Dans ce texte, le choix du genre grammatical pour le nom « Covid-19 » est le masculin.

Mentions légales

Le contenu de cet article est présenté seulement à titre indicatif, il n’incite en aucun cas à prescrire quoi que ce soit à quiconque. Il ne dispense pas d’une séance individuelle avec un praticien de santé, et surtout pas de consulter son médecin généraliste dès l’apparition des premiers symptômes. Seul un praticien habilité est autorisé à prodiguer des conseils personnalisés et ceci uniquement lors d’une (télé) séance individuelle avec un client. En effet, les individus sont tous différents en âge, sexe, génétique, stress, médicaments, pathologies, etc., et leurs besoins en matière de suppléments (et leur posologie associée) différent également.
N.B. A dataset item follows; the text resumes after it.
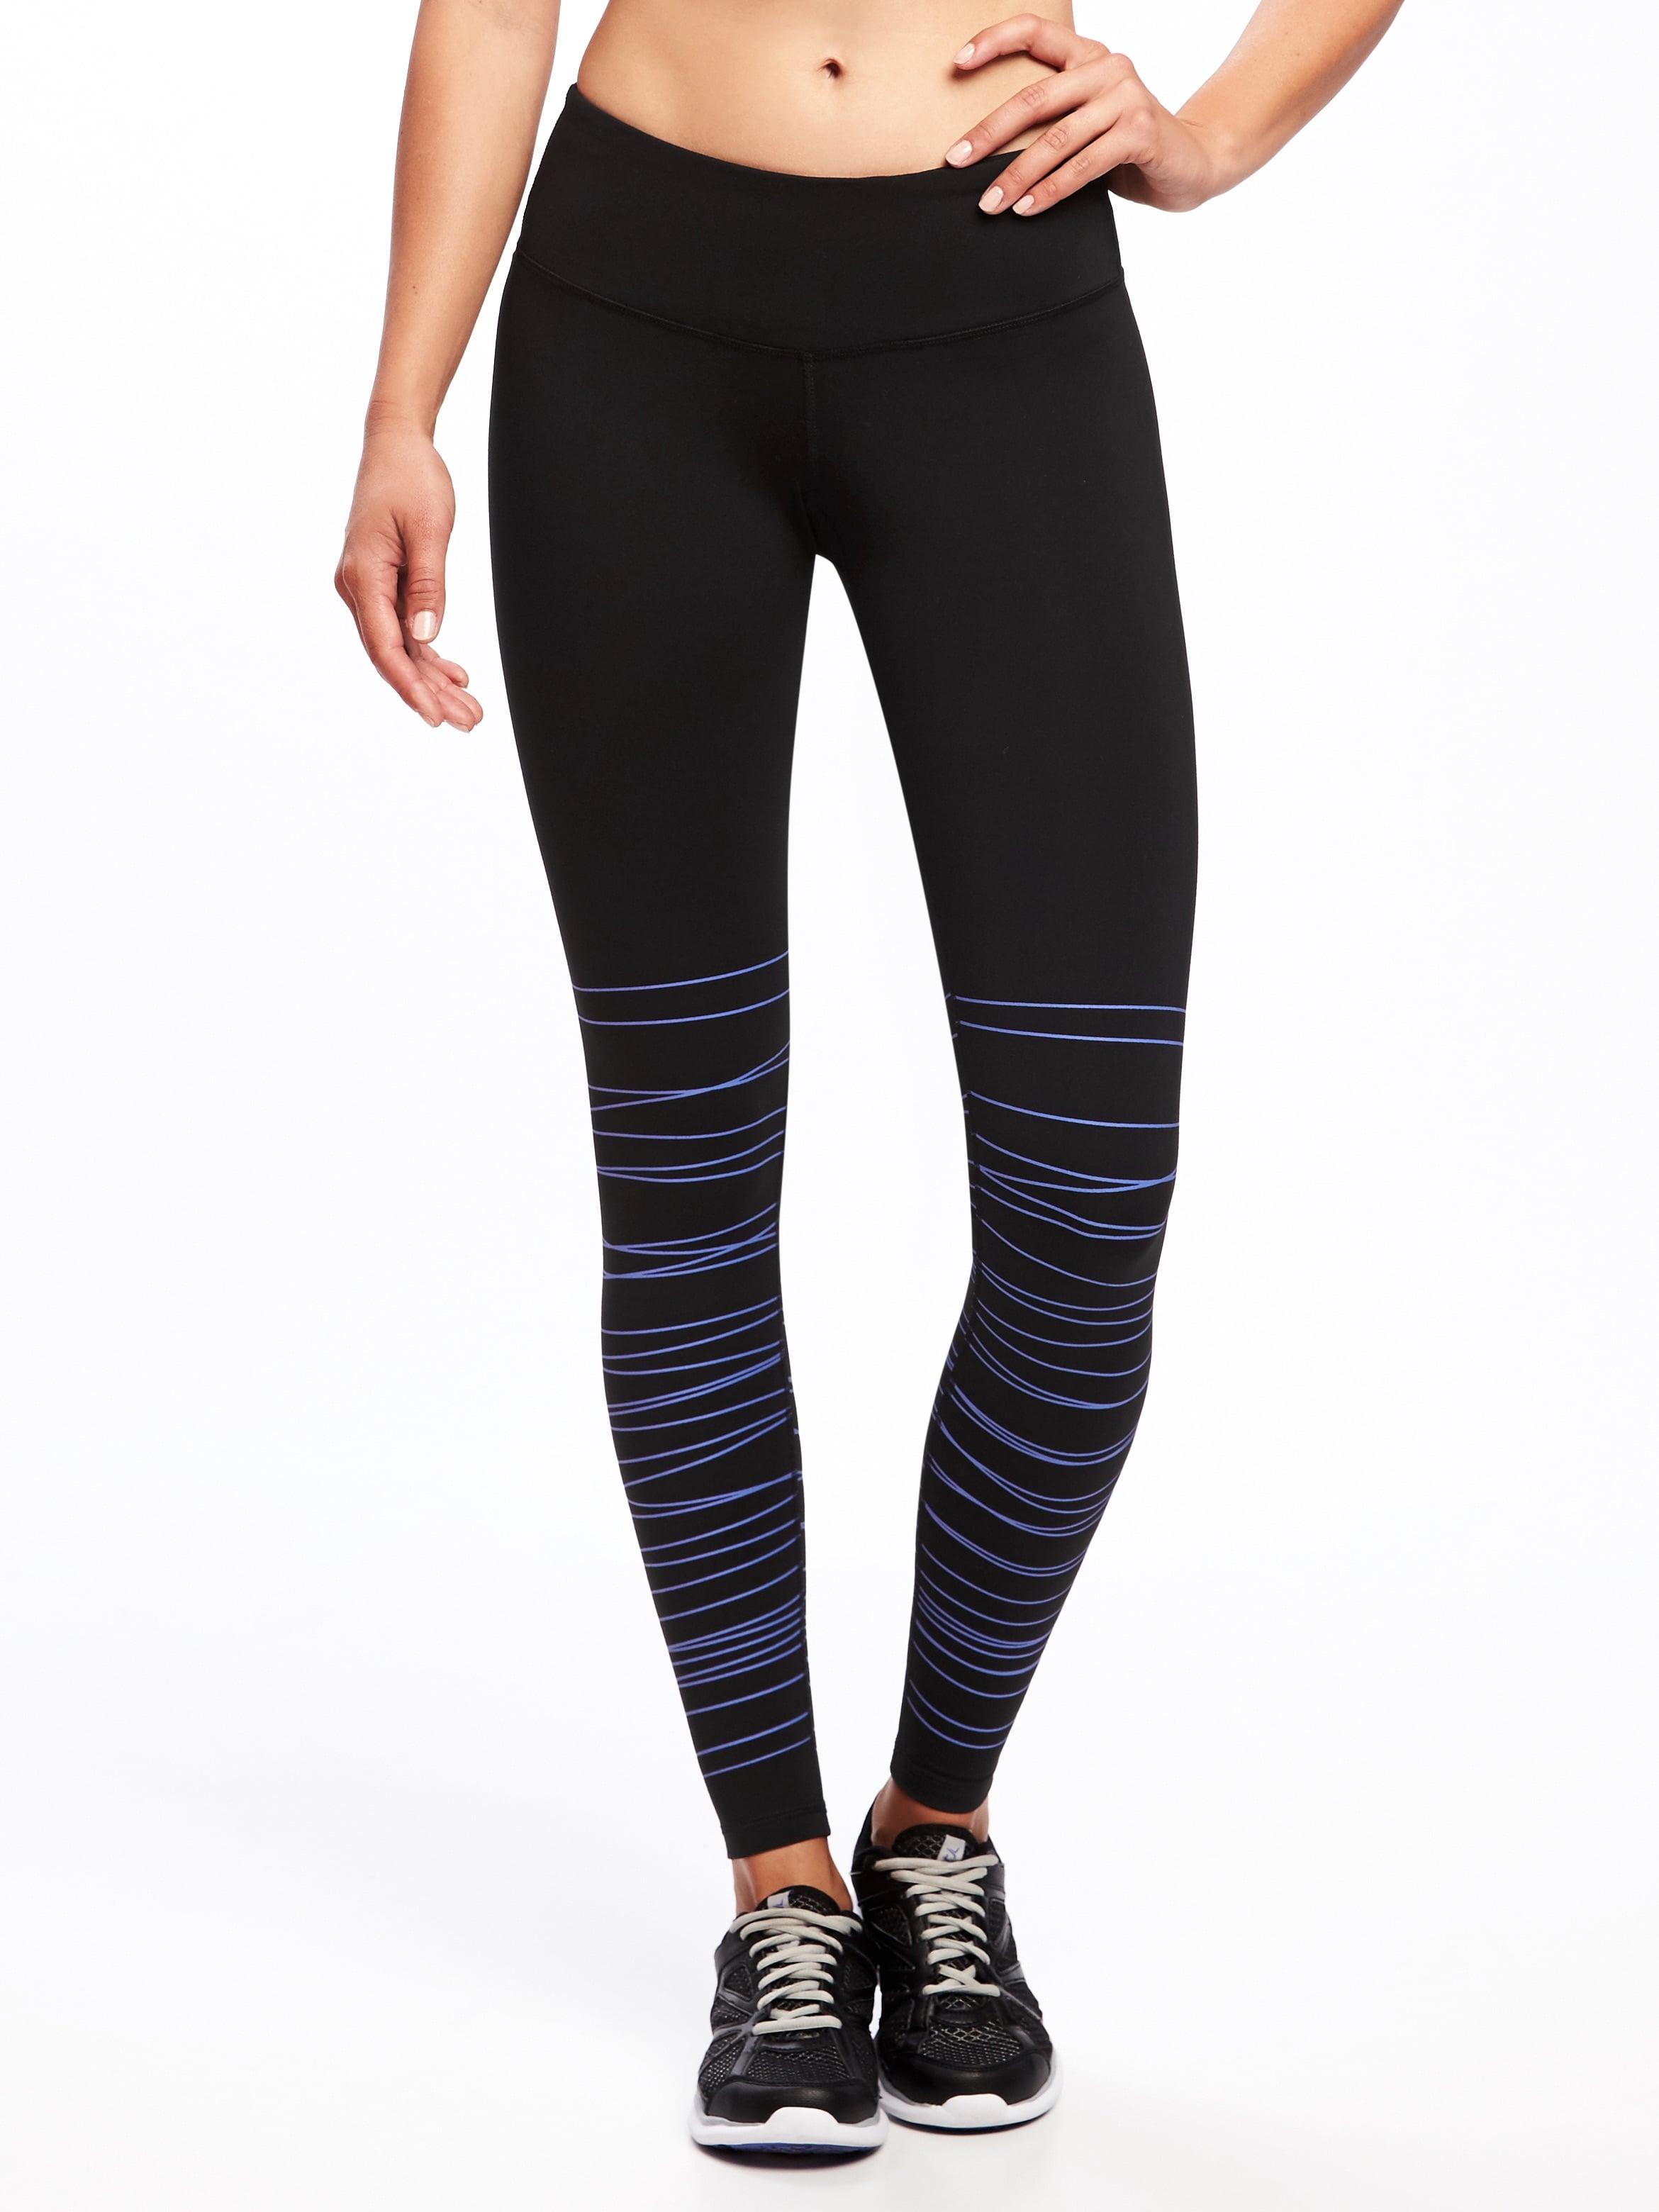 Unknown Places to Buy Workout Clothes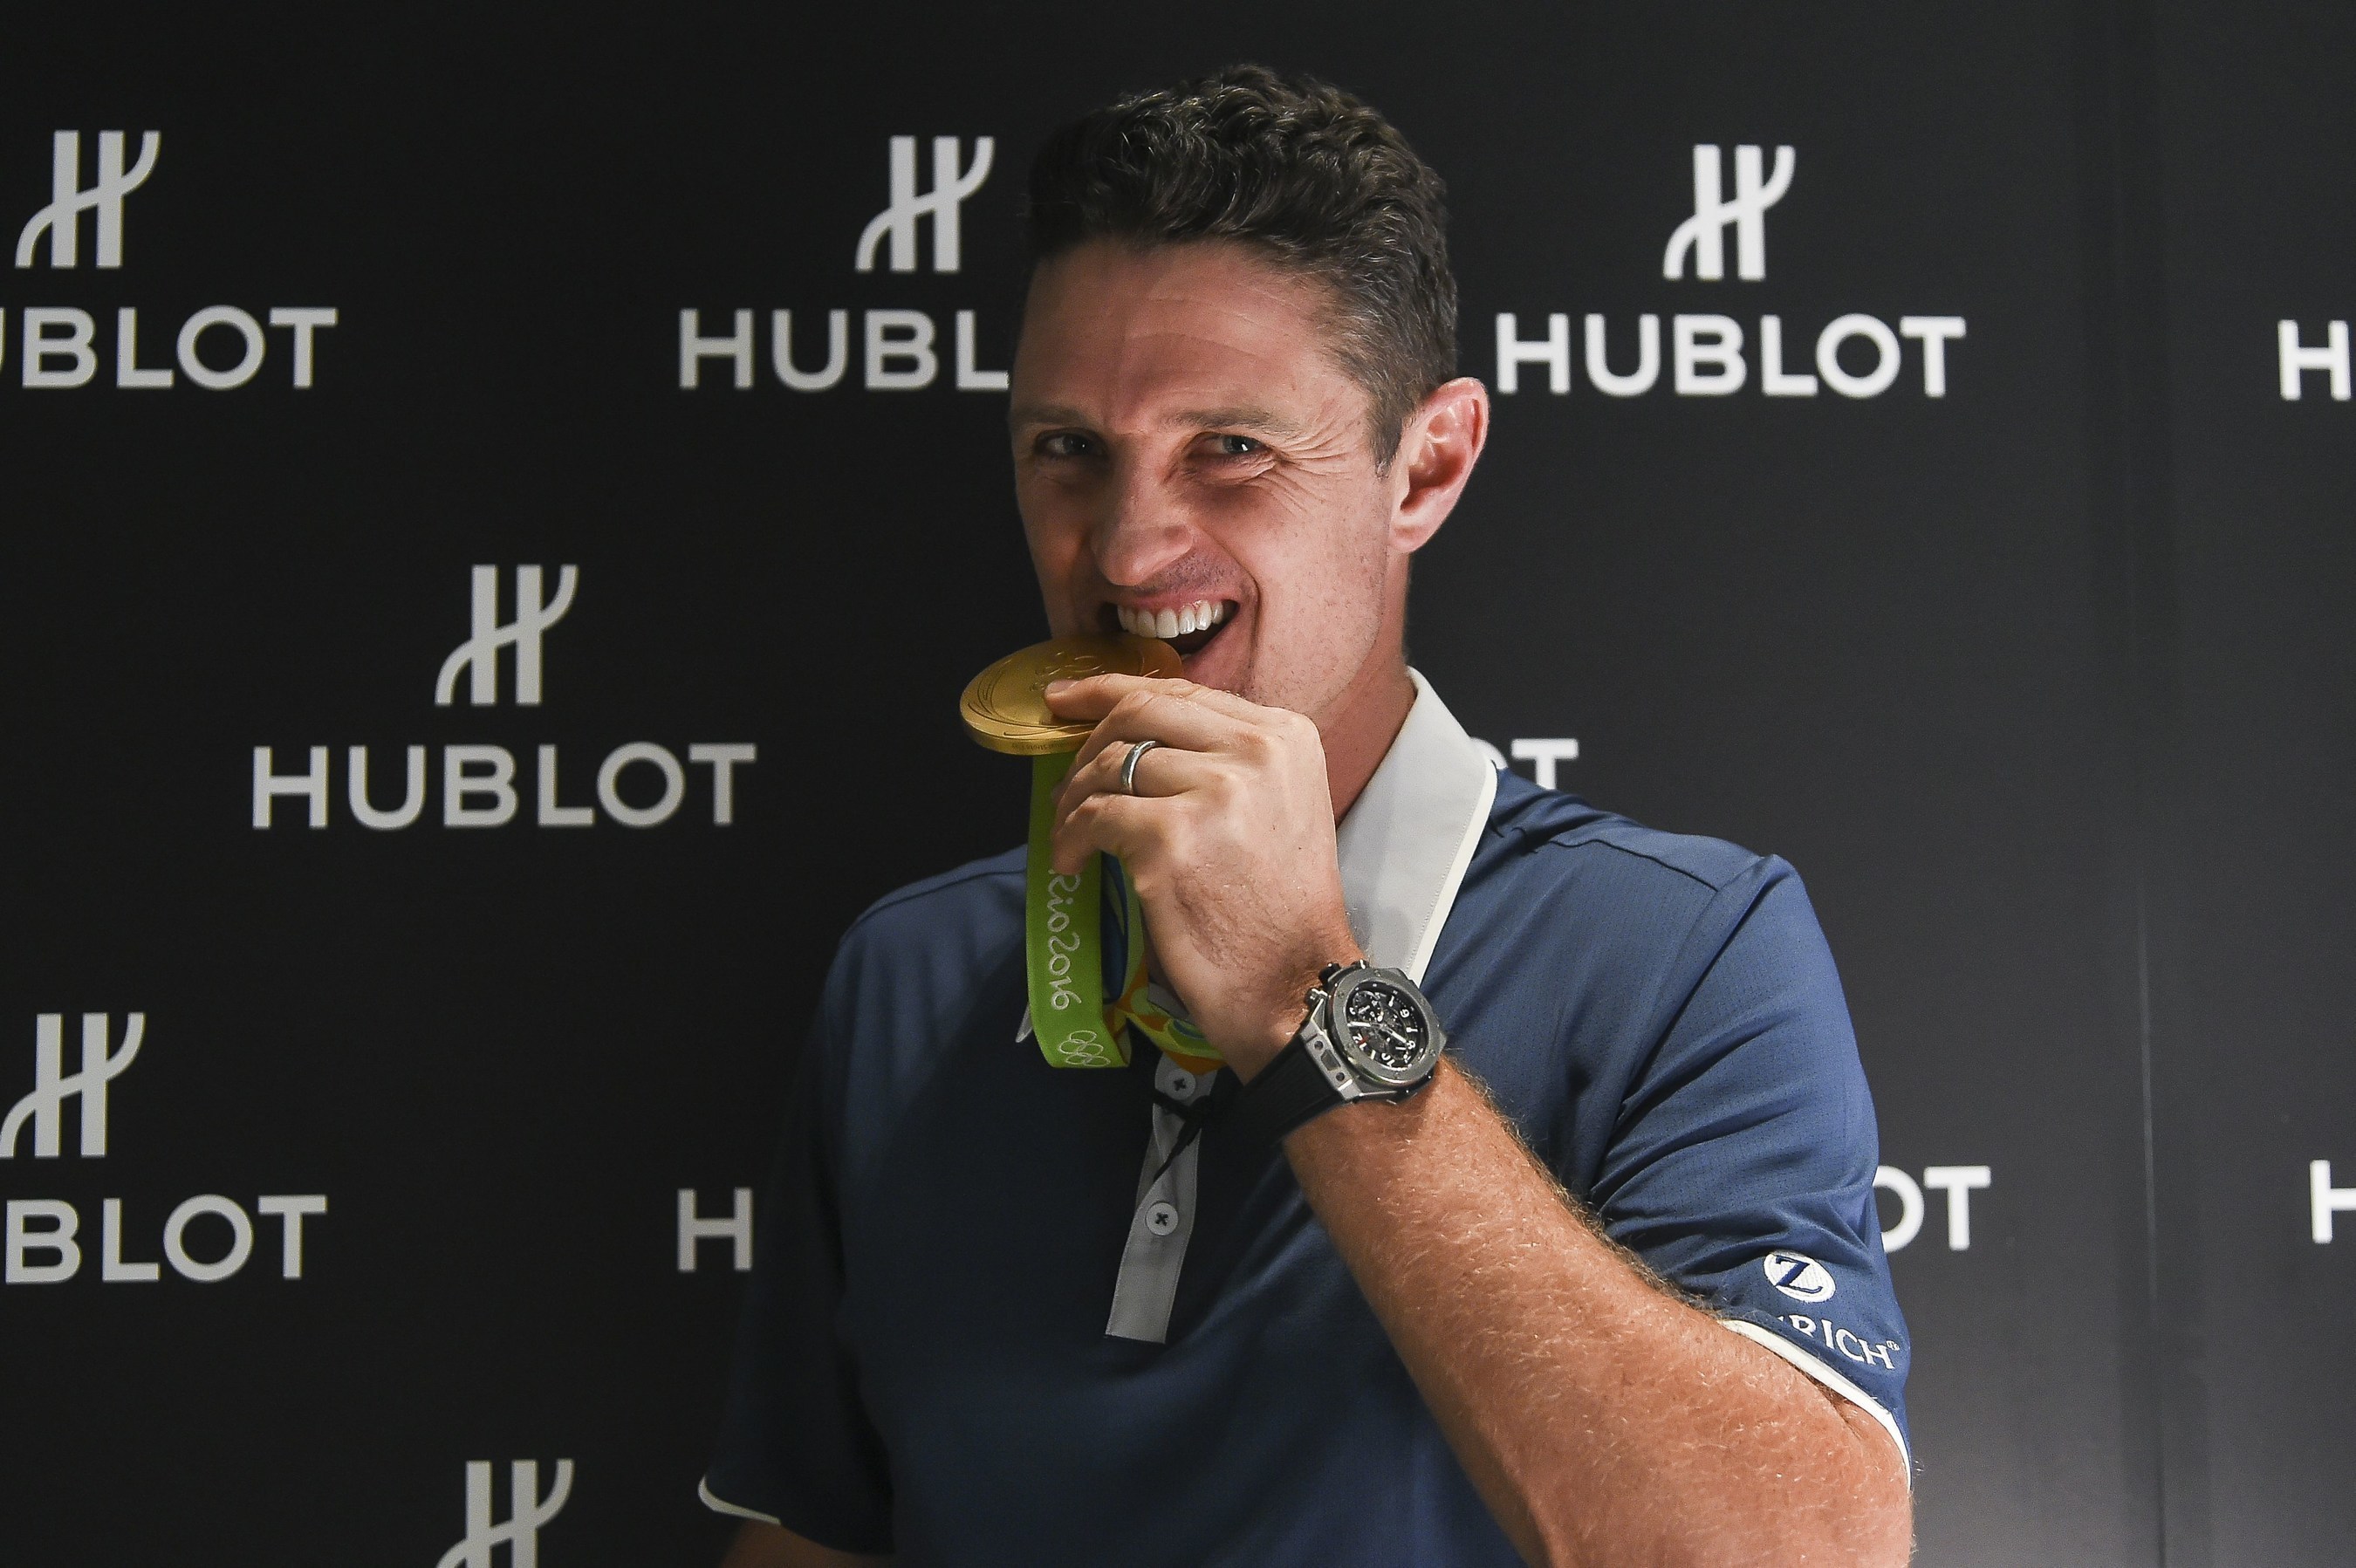 Justin Rose achieved the first Olympic hole in one and is the third Olympic golf champion in history (PRNewsFoto/HUBLOT)

De plus, les connaissances et la science actuelles autour du Covid-19 sont encore instables et en continuelle évolution, et comme le titre de cet article l’indique, les suppléments listés dans cet article ne le sont qu’à titre de « pistes ».

Les petits soldats

Ail frais

L’ail biologique frais contient un agent virucide (antiviral) appelé allicine contenant du soufre. L’allicine est produite en écrasant la pulpe d’ail et étant volatile, elle disparaît peu de temps après [3], [4].
Donc, afin de bénéficier des propriétes de l’allicine, il faut avaler l’ail dès qu’il a été haché, sans attendre.

Pendant une infection virale, une gousse d’ail peut être consommée pendant le repas (jusqu’à 2 fois par jour), ou bien en dehors des repas enrobée de miel ou dans une base grasse (fromage, beurre de cacahuète, etc.).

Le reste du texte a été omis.